▶ Source data:
-- Opening Marker --

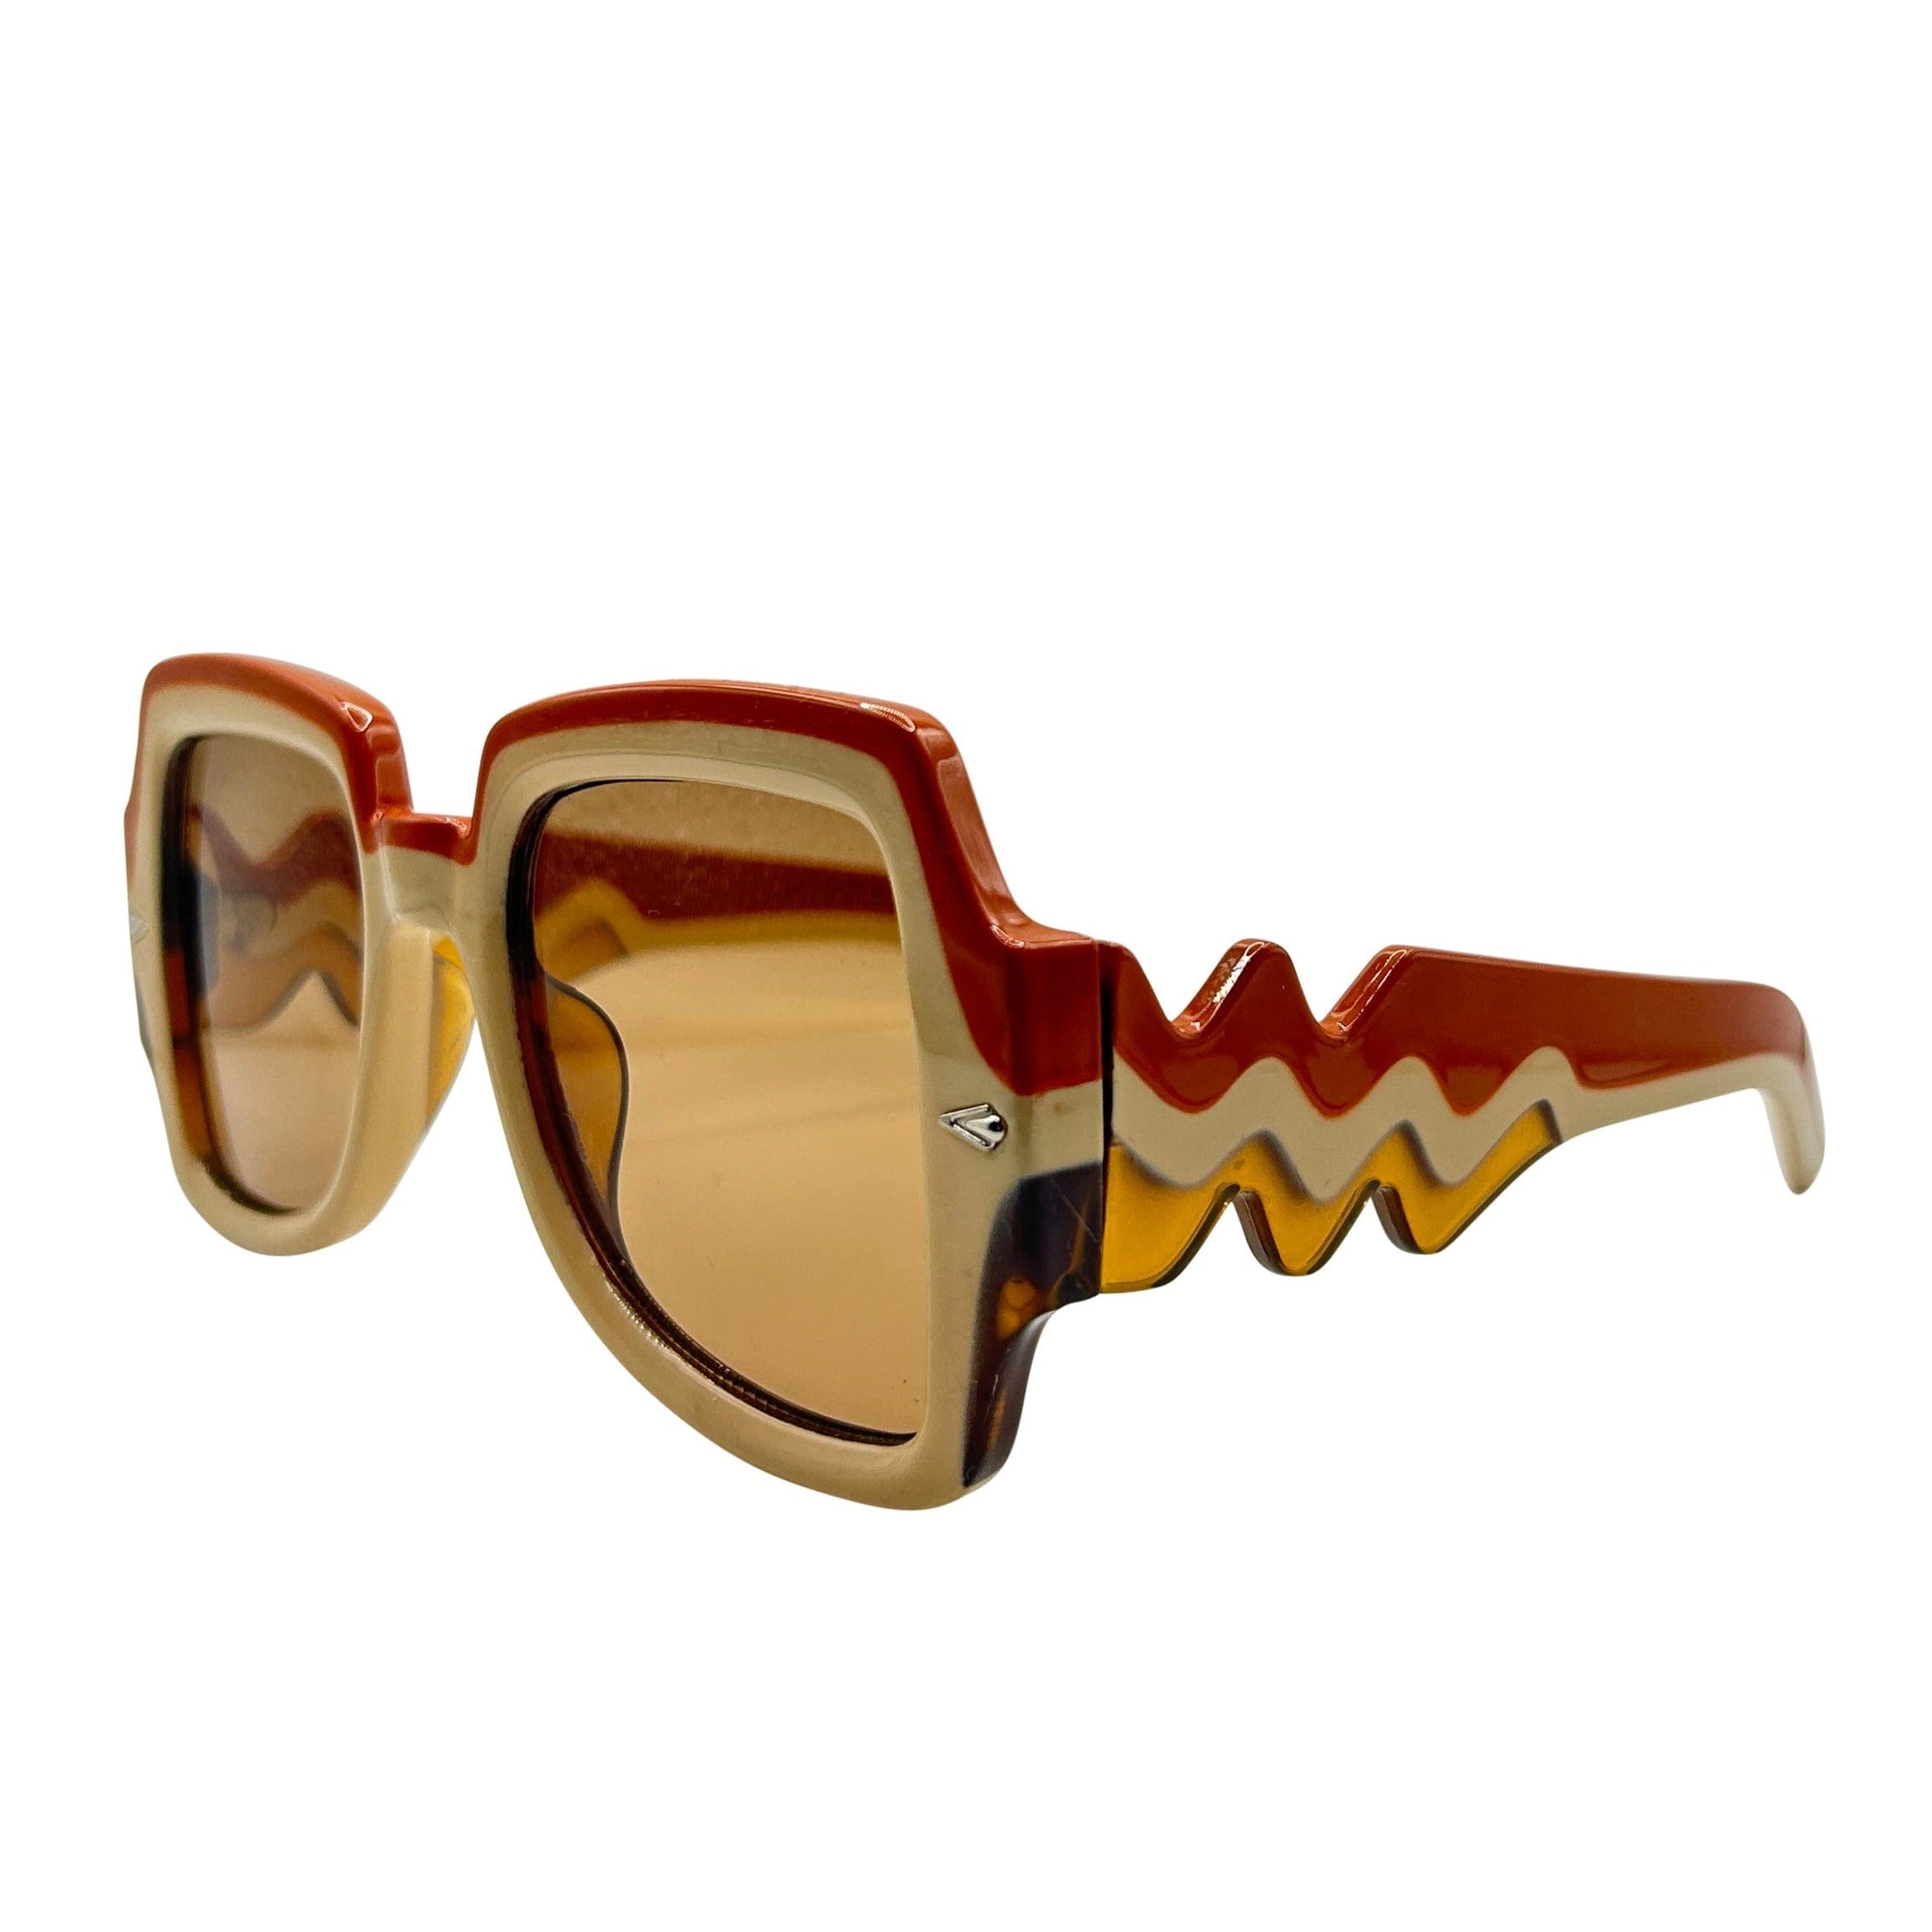 WEEKEND Square 70s Retro Sunglasses
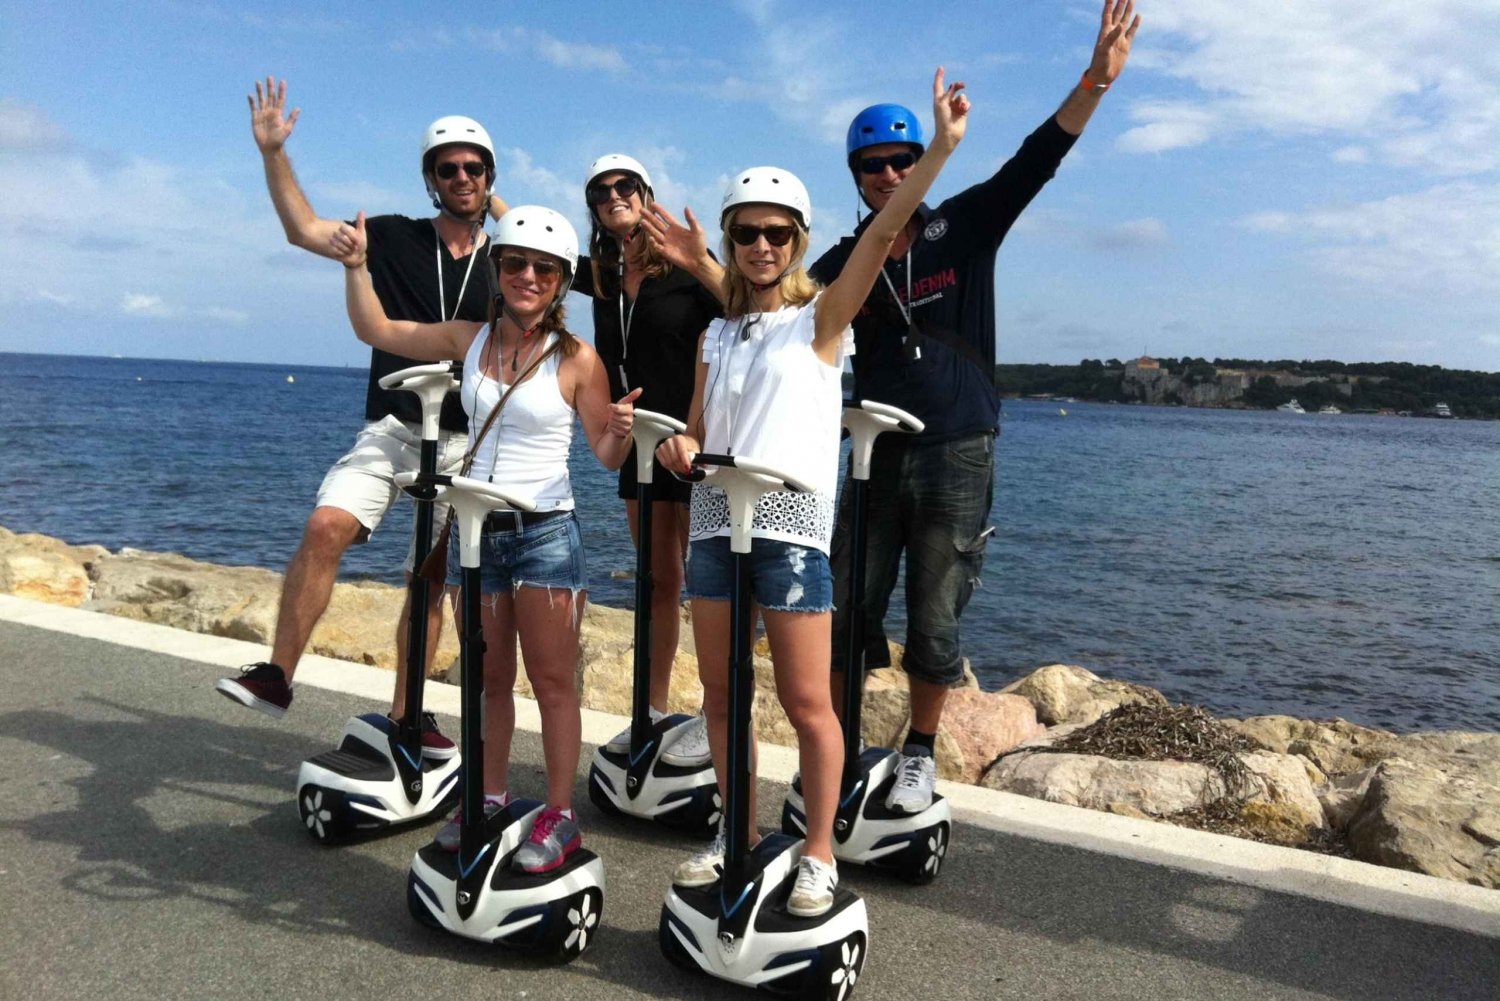 Cannes: Gyropod-tour van 1 of 2 uur
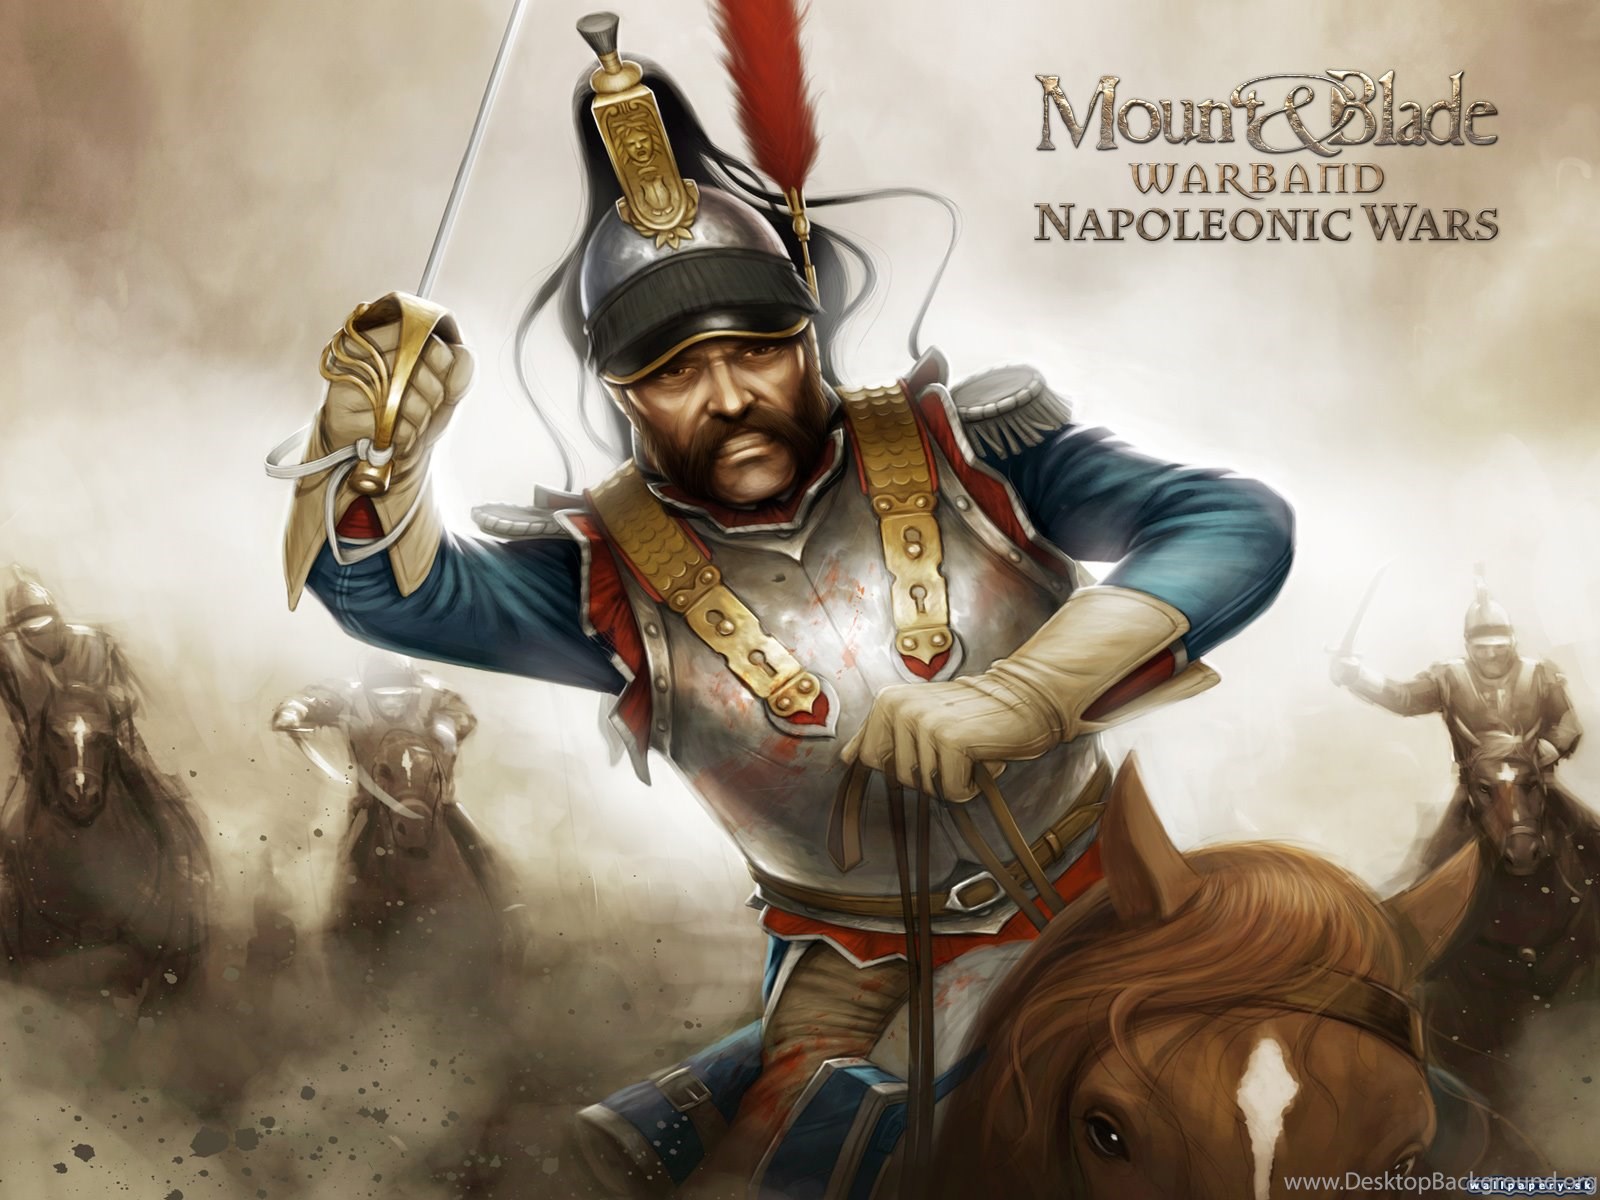 Napoleonic Wars Wallpaper Image Desktop Background

-- Closing Marker --

▶ Task statement:
Reproduce the data word for word without its images.

▶ Written response:
 WEEKEND Square 70s Retro Sunglasses
 Cannes: Gyropod-tour van 1 of 2 uur
 Napoleonic Wars Wallpaper Image Desktop Background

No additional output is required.